Introduction
After hesitating for months, I finally decided to start the WonderMCA project… It is just the beginning of a very long journey to bring MCA Bus based IBM Computer a software defined card like the famous #PICOMEM or the #PICOGUS.
This project has been in my head for many years, and I have postponed it way for too long.
I will be posting here my progress as I expect this journey to be more than a walk in the park…
The story behind this project is pretty simple, it is all about frustration not being able to find MCA extension card available at a decent price. The lack of ongoing project was also a trigger.

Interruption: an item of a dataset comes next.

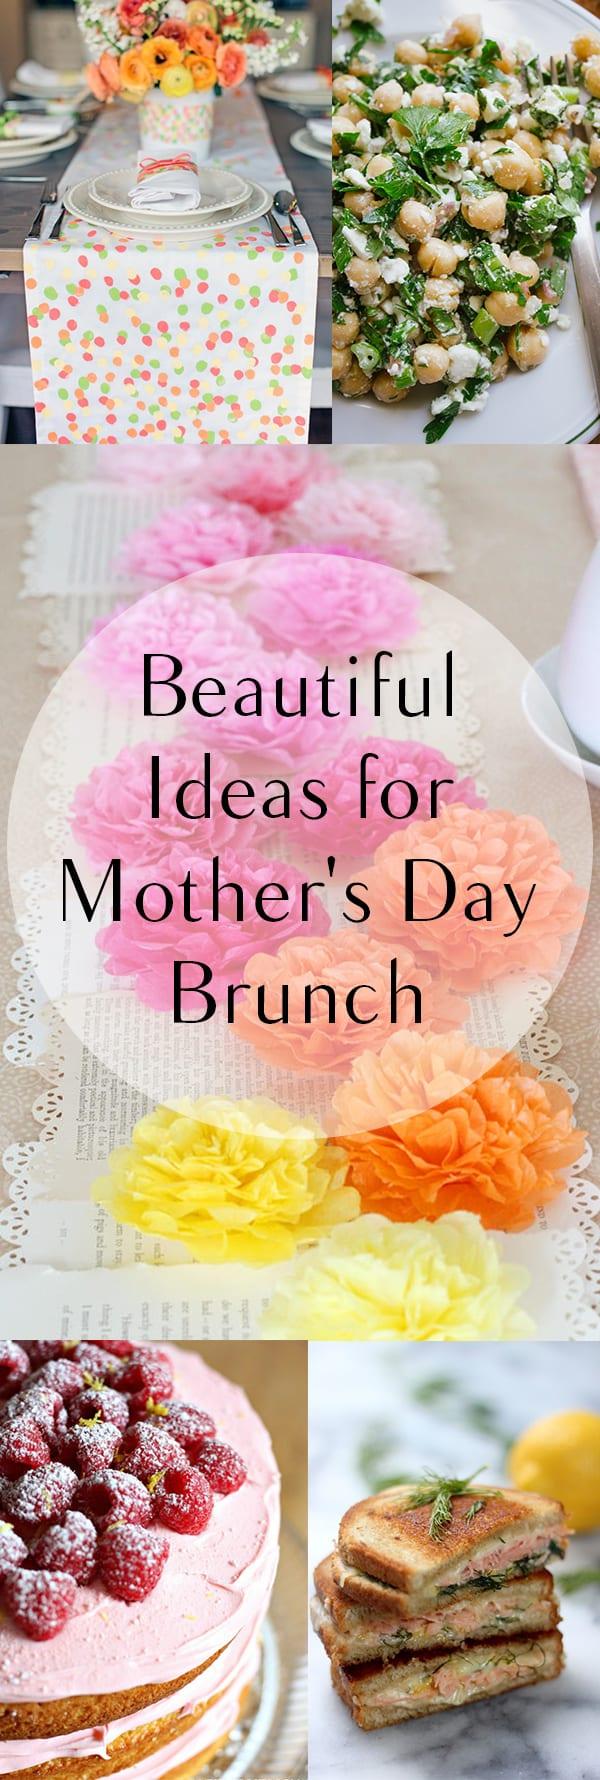 Mothers Day, Mothers Day Lunch, Mothers Day Brunch, Mothers Day Gifts, Mothers Day Gifts DIY, DIY Gift Ideas, Gift Ideas, Holiday, Holiday Home Decor

What made me hesitate for so long was mainly:
- Scarce / or very little documentation,
- Almost no open project,
- Lack of required skills,
- Complexity of the MCA Beast
Over the last 2 years, I have been working on several projects on the Apple II like the SmartDisk Floppy disk emulator or Smartport card. I have sharpened my skills on using ARM based MCU to interface with antic systems. I have also deeply learned, reviewed code, built my own version of the PicoMem / PicoGus ISA card as a starting point.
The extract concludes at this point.